9. Любовника своего, посмевшего полюбить другую женщину, единым словом она обратила в бобра, так как зверь этот, когда ему грозит опасность быть захваченным, спасается от погони, лишая себя детородных органов; она надеялась, что и с тем случится нечто подобное за то, что на сторону понес свою любовь. Кабатчика одного соседнего и, значит, конкурента, обратила она в лягушку. И теперь этот старик, плавая в своей винной бочке, прежних посетителей своих из гущи хриплым и любезным кваканьем приглашает. Судейского одного, который против нее высказался, в барана она обратила, и теперь тот так бараном и ведет дела. А вот еще: жена одного из ее любовников позлословила как-то о ней, а сама была беременна — на вечную беременность осудила она ее, заключив чрево и остановив зародыш. По общему счету, вот уже восемь лет, как бедняжечка эта, животом отягощенная, точно слоном собирается разрешиться.[18]

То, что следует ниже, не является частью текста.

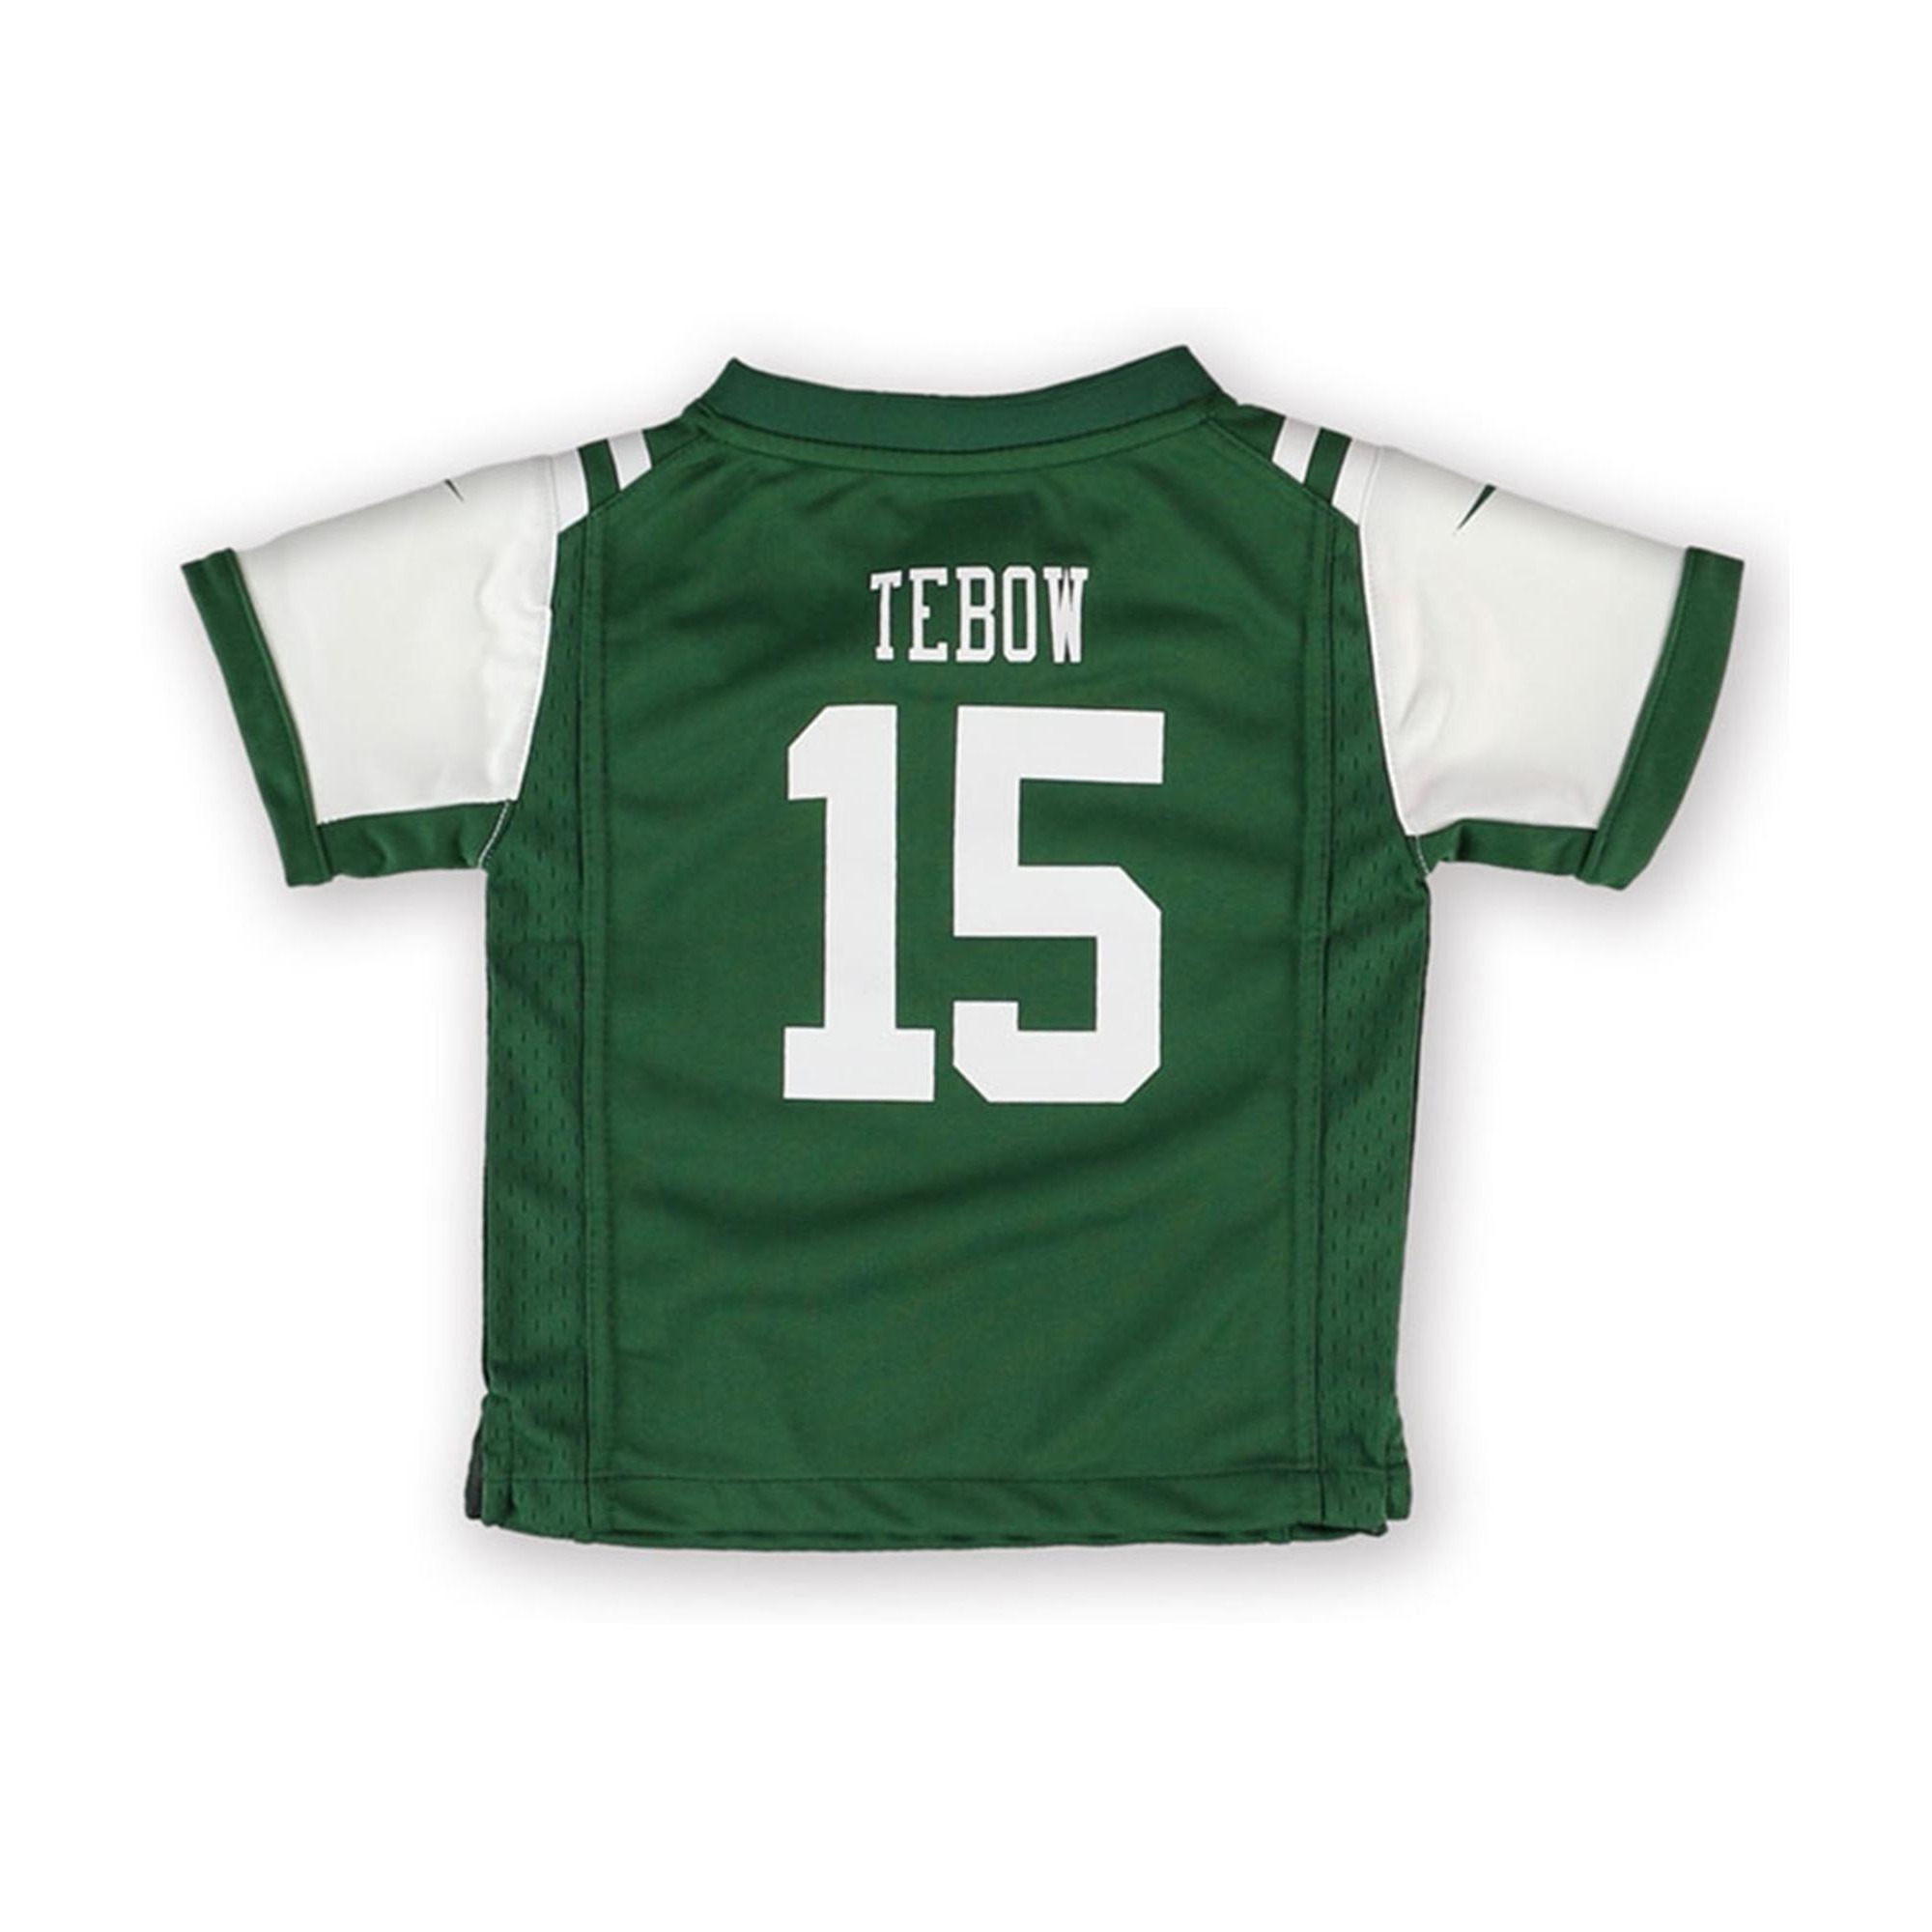 Nike Boys New York Jets Tebow Jersey, Style # 12N9P-4
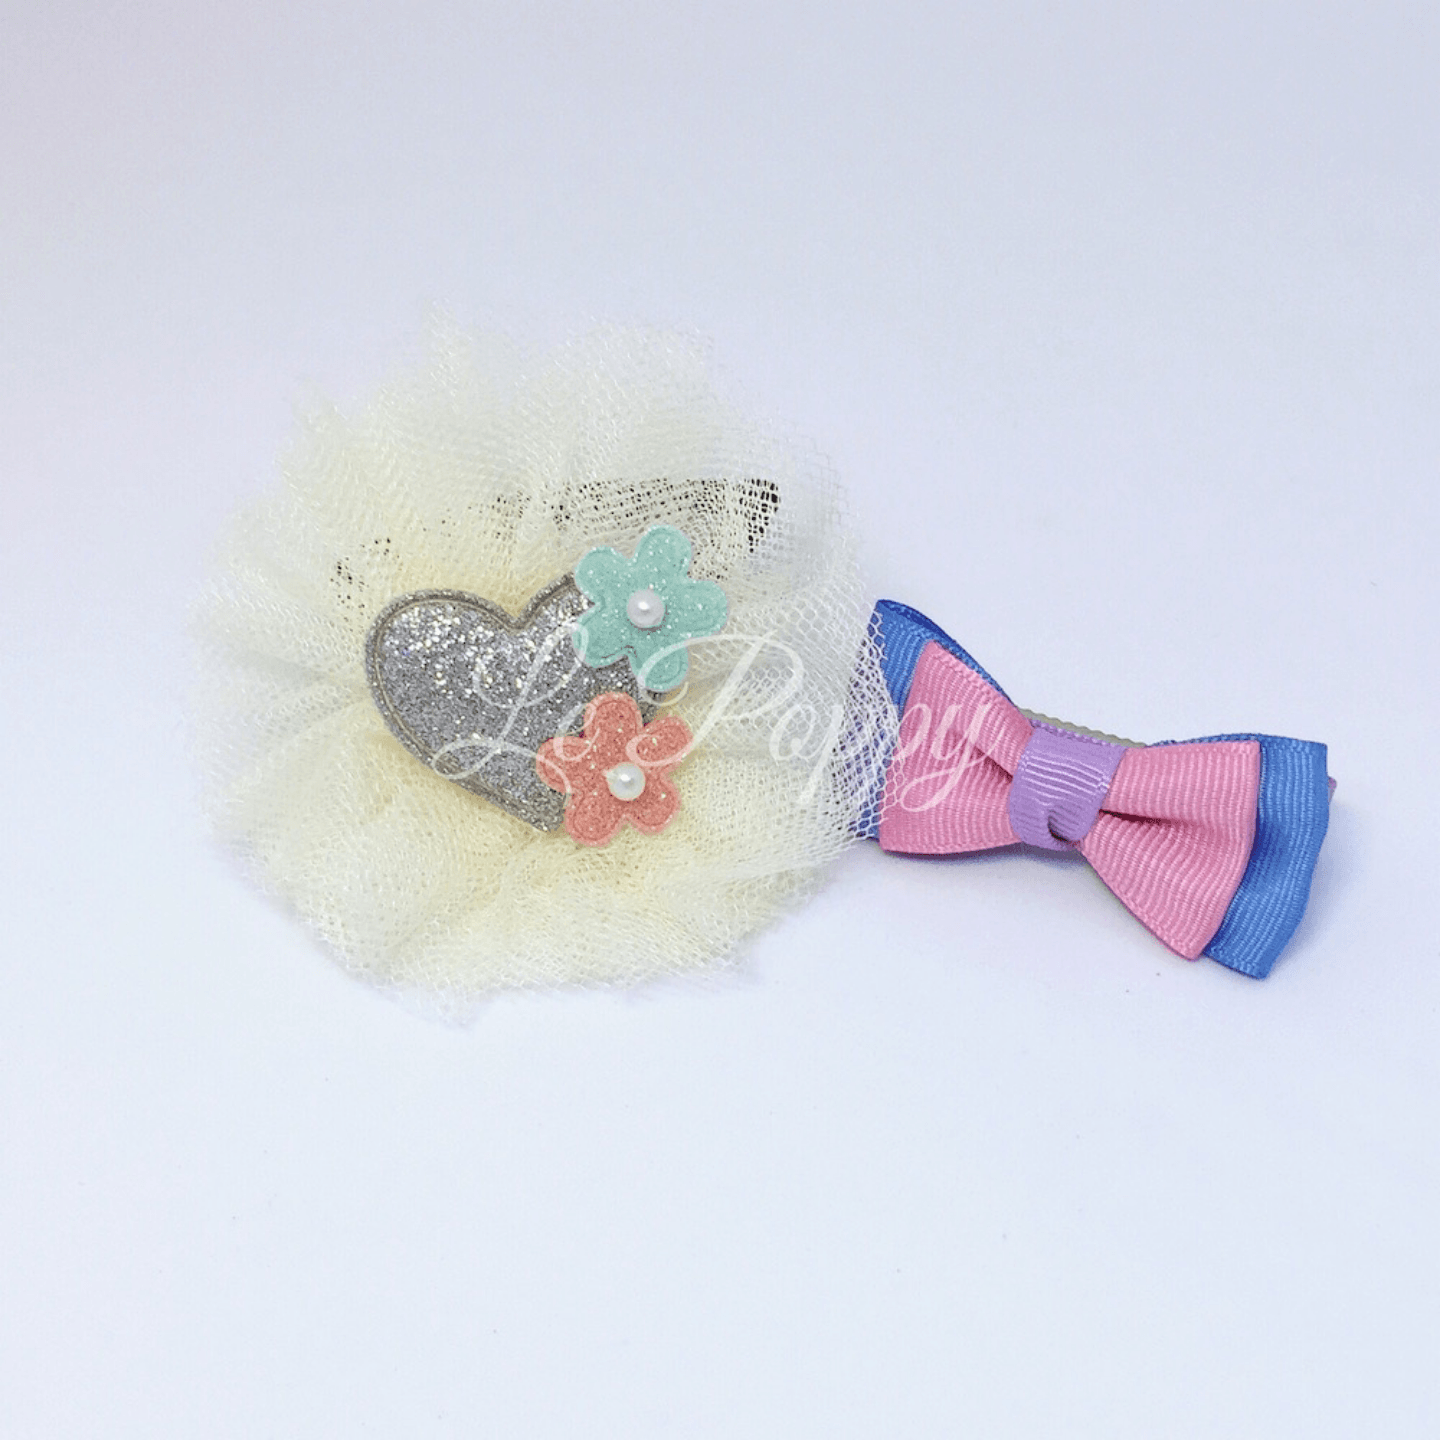 Glittery Applique on Tulle with Matching Bow

10. Это последнее злодеяние и зло, которое она многим продолжала причинять, наконец возбудили всеобщее негодование, и было постановлено в один прекрасный день назавтра жестоко отомстить ей, побив камнями, но этот план она заранее расстроила силою заклинаний. Как пресловутая Медея,[19] выпросив у Креонта только денечек отсрочки, все его семейство, и дочь, и самого старца пламенем, вышедшим из венца, сожгла, — так и эта, совершив над ямой погребальные моления[20] (как мне сама недавно в пьяном виде сказывала), с помощью тайного насилия над божествами, всех жителей в их же собственных домах заперла, так что целых два дня не могли они ни замков сбить, ни выломать дверей, ни даже стен пробуравить, пока наконец, по общему уговору, в один голос не возопили, клянясь священнейшей клятвой, что не только не подымут на нее руки, но придут к ней на помощь, если кто замыслит иное. На этих условиях она смилостивилась и освободила весь город. Что же касается зачинщика всей этой выдумки, то его она в глухую ночь, запертым, как он был, со всем домом — со стенами, самой почвой, с фундаментом — перенесла за сто верст в другой город, расположенный на самой вершине крутой горы и лишенный поэтому воды. А так как тесно стоявшие жилища не давали места новому пришельцу, то, бросив дом перед городскими воротами, она удалилась.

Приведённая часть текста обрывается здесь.